Perhaps what's happened is that the supply of MBA programs has outstripped the real demand, and the resulting glut of MBA degrees has watered down its meaning. Of course, the real pedigreed programs (Harvard, Stanford, etc.) will always carry significant weight. But those people typically don't have to go through the resume slush anyway.

Stephen Parrish said...

I don't think school can substitute for experience. In the same way that reading a book about writing can not possibly teach you as much as the act of writing can.

Agree. My brother earned an MBA and told me afterwards it was a waste of time and money. But he got a job. And that's really the point: as long as employers select the MBA grads over the others, an MBA will be a valuable credential.

Unless, of course, you're applying to work for Peter Dudley . . .

Sarah Laurenson said...

While I love the idea of going to school just for the sake of going to school, I have to say that practical experience is sadly underrated. I work with too many people steeped in theory who look blank when their theory fails in practice. But they get paid more because they have that advanced degree. At least they do at the start.
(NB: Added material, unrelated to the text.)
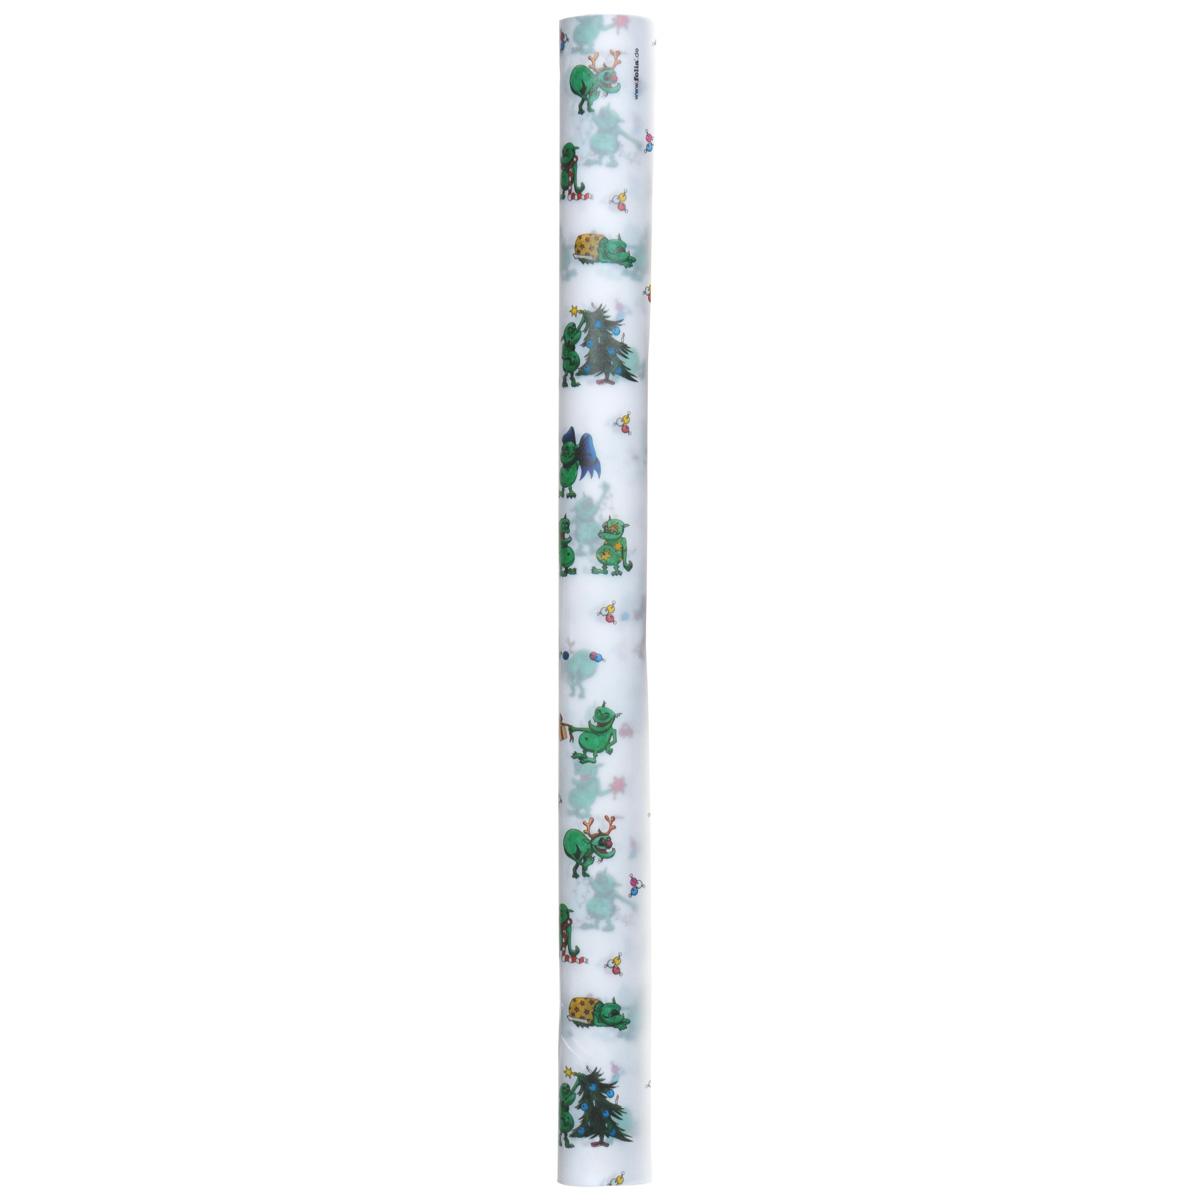 Транспарентная бумага Folia Рождественские тролли, цвет: белый, зеленый, 50,5 x 70 см

I have two bachelor's, but I hold my own because I know (most of the time) what I'm talking about. Experience counts, but it is sometimes harder to get your foot in the door without that slip of paper. And in this economy, that's becoming even more of a problem. We have people with very advanced degrees flipping burgers. And not because they want to.

jjdebenedictis said...

My uncle went to school with a fellow who got outrageously high grades. When they both began applying for jobs, of course the genius got snapped up.

My uncle said he felt sorry for the employers because Mr. Genius was the laziest person my uncle had ever met.

The proof is in the doing, and it's actually a bit scary how many kids come out of school and realize the hard way they don't know how to do the things they've learned about.